“KAPLUMBAĞALARI BESLEMEYELİM, KORUYALIM”
Durumun doğaya zarar vermeye başlamasıyla birlikte, Mersin Kent Konseyi öncülüğünde çeşitli kurum ve sivil toplum kuruluşlarının katkısıyla bilinçlendirme kampanyası başlatıldı. Kampanya kapsamında, barınak çevresindeki restoran tekneleri, amatör balıkçılar ve vatandaşlara broşürler dağıtıldı, afişler asıldı. Kampanyanın mesajı ise net:
“Deniz kaplumbağalarını beslemeyelim, koruyalım.”
“YIL BOYU GÖZLEMLİYORUZ, ÇÜNKÜ ARTIK GİTMİYORLAR”
Mersin Üniversitesi Su Ürünleri Fakültesi Öğretim Üyesi Prof. Dr. Deniz Ayas, yapılan çalışmaları yerinde izleyen uzmanlar arasında. Prof. Ayas, bölgede hem yeşil deniz kaplumbağası hem de caretta caretta türlerinin yıl boyunca barınakta görüldüğünü belirterek, “Bu hayvanlar doğaları gereği göç eder, özellikle sonbaharda daha sıcak denizlere çekilirlerdi. Ancak burada yiyecek buldukları için artık gitmiyorlar” dedi.
“BESLENME ALIŞLANLIKLARI, DOĞALARINI DEĞİŞTİRİYOR”
Ayas, barınakta bir ya da iki kaplumbağanın bulunmasının ekosistem açısından büyük bir sorun oluşturmayacağını ancak son 3-4 yılda sayıların ciddi oranda arttığını belirtti:
Geçen yıl 100’ün üzerinde birey tespit ettik. Bu sayı, doğrudan insan eliyle gerçekleşen beslenme faaliyetleri nedeniyle yükseldi.
Ayrıca, kaplumbağaların kolay yoldan besin buldukları için doğal göç yollarını kullanmadığını, bunun da türlerin üreme ve kışlama döngülerinde aksamalara neden olduğunu vurguladı.
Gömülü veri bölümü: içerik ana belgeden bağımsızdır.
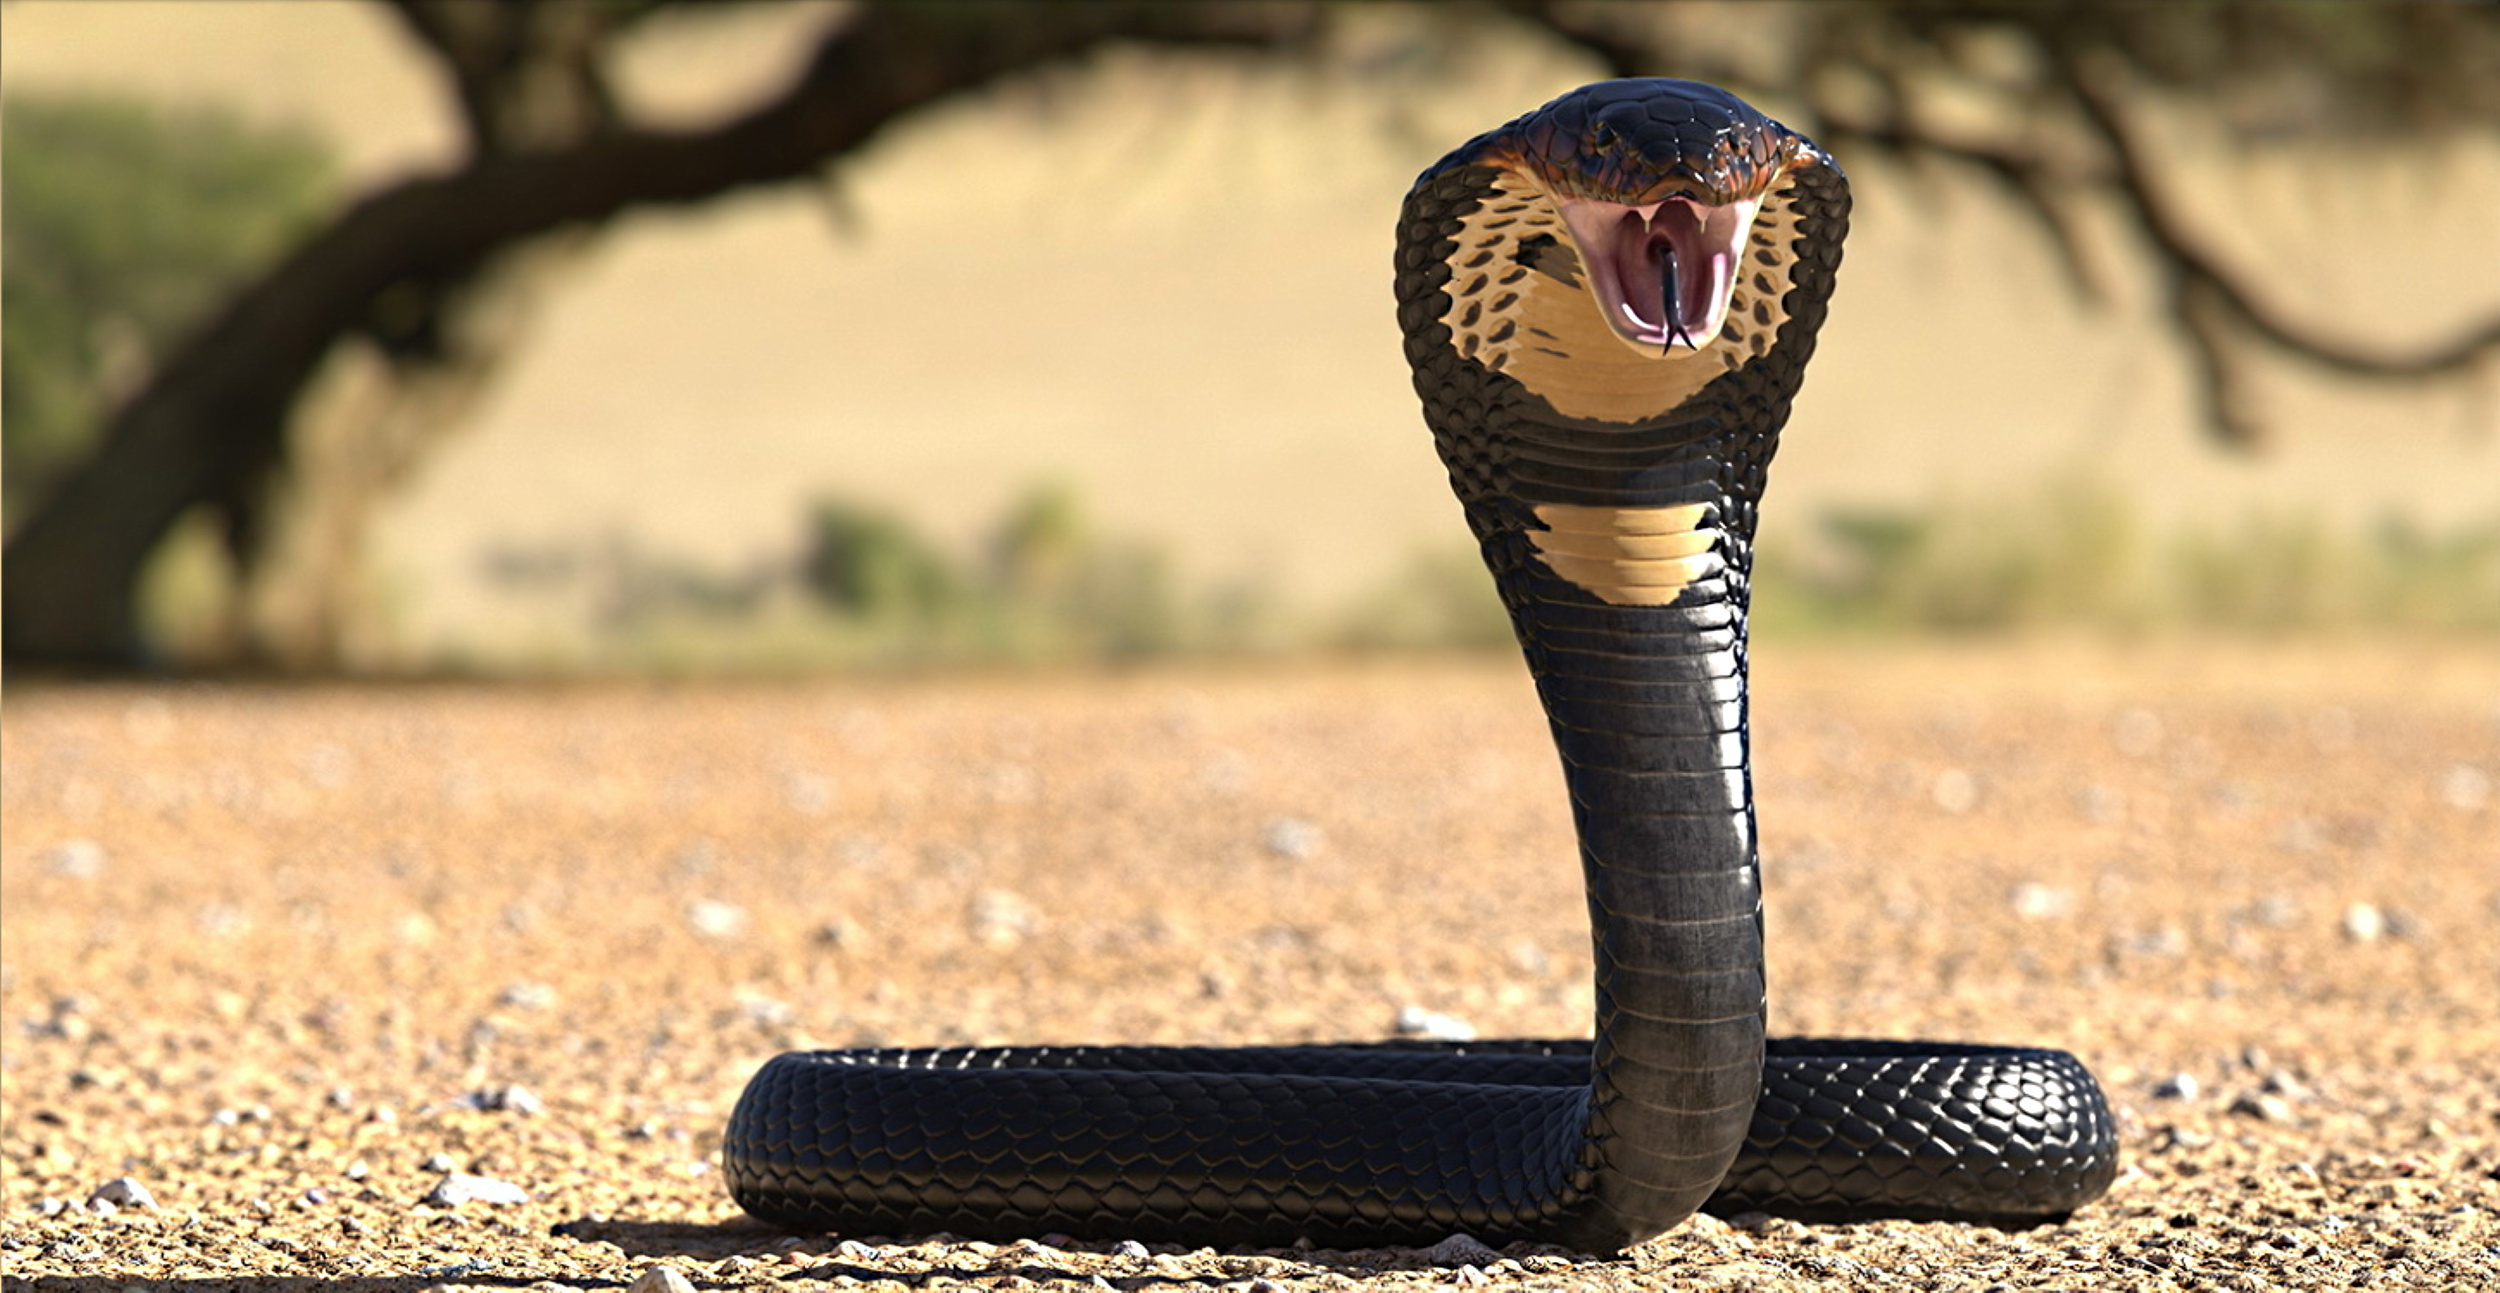 <p>In Portuguese, “cobra” directly translates to “snake with a hood” for the species’ distinctive look. The snakes aren’t native to Portugal but are commonly found throughout the country’s former colonies in Asia.</p><p><a href='https://www.msn.com/en-us/community/channel/vid-cj9pqbr0vn9in2b6ddcd8sfgpfq6x6utp44fssrv6mc2gtybw0us'>Follow us on MSN to see more of our exclusive lifestyle content.</a></p>
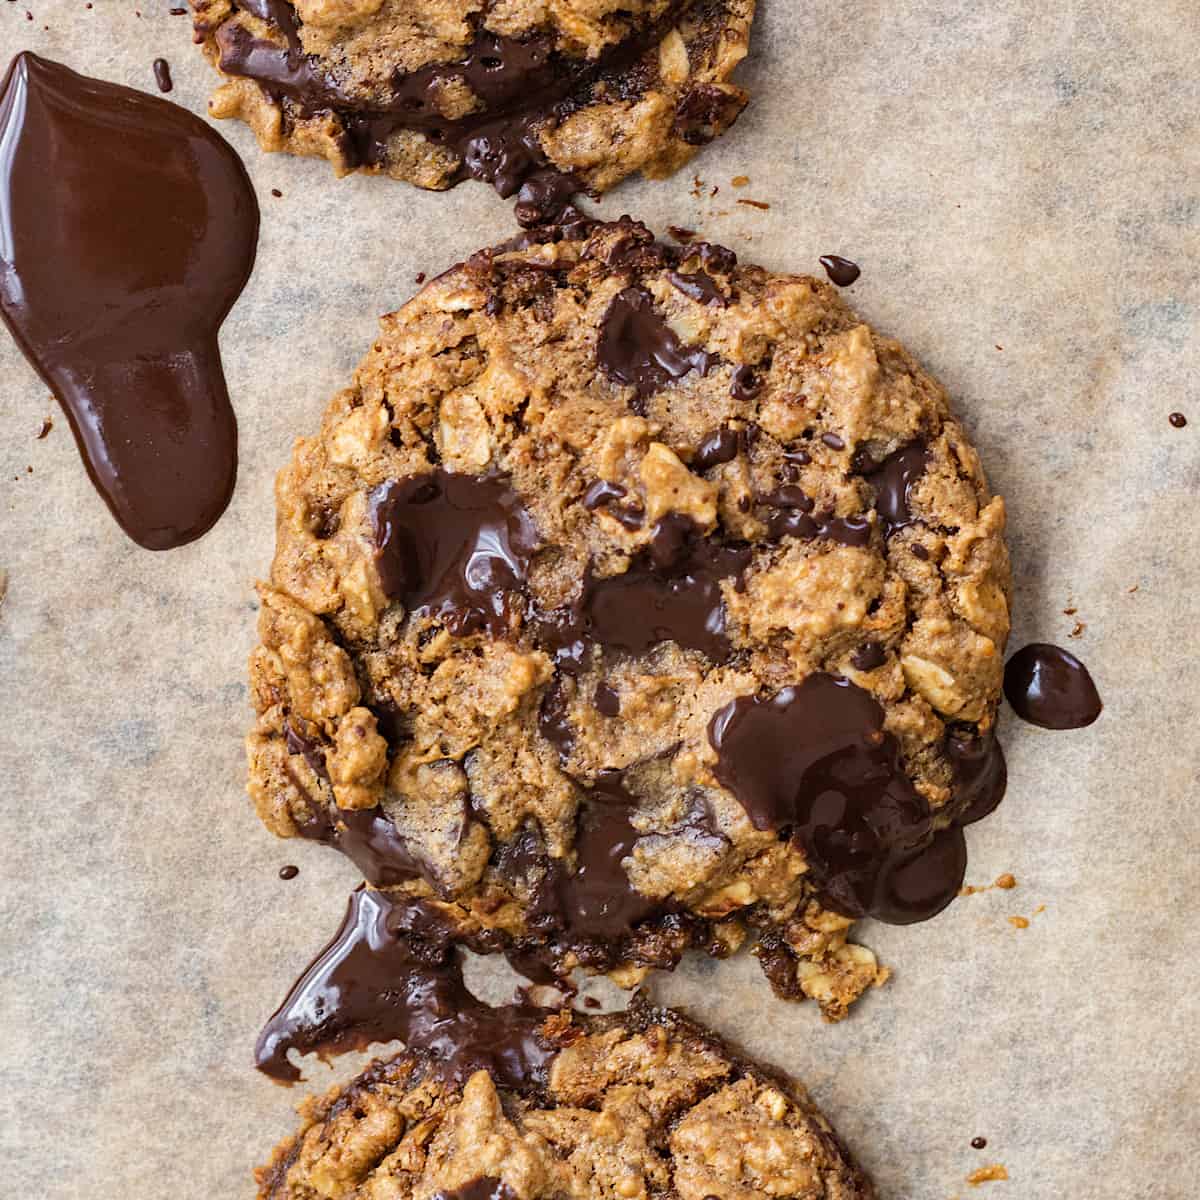 Unique chocolate oatmeal cookies with a delightful chocolate drizzle on a baking sheet.

“BU ARTIK BİR EKOLOJİK SORUNA DÖNÜŞTÜ”
Ayas’a göre bu alışkanlıklar yalnızca kaplumbağaların davranışlarını değiştirmekle kalmıyor, aynı zamanda türlerin doğal popülasyonlarını da tehdit ediyor:
Bu hayvanlar vahşi doğaya ait. Doğada kendi besinlerini bulabilecek donanıma sahipler. Ama biz onları kolay besine alıştırdıkça doğal davranışlarını kaybediyorlar ve popülasyonda daralma riski ortaya çıkıyor.
“YEM BULDUKÇA KALIYORLAR”
35 yıldır Mersin’de balıkçılık yapan Atilla Akkaya da yaşananları yakından gözlemleyenlerden biri. Özellikle son 5-6 yıldır kaplumbağa sayısında gözle görülür bir artış olduğunu söylüyor:
Eskiden birkaç tane olurdu, şimdi onlarca. Avdan döndüğümüzde ağlarımızdaki küçük karidesleri, yengeçleri denize atıyoruz. Kaplumbağalar da bu fırsatı kaçırmıyor.
Ancak Akkaya, bu durumun tehlikeli bir boyut aldığını da aktarıyor:
“Eskiden suya ayağımızı sokardık, şimdi ısırırlar mı diye çekiniyoruz. Doğal davranışlarını kaybettiler.”
“Yem bulamadıkları anda burayı terk ederler. O yüzden bu döngüyü kırmak bizim elimizde.”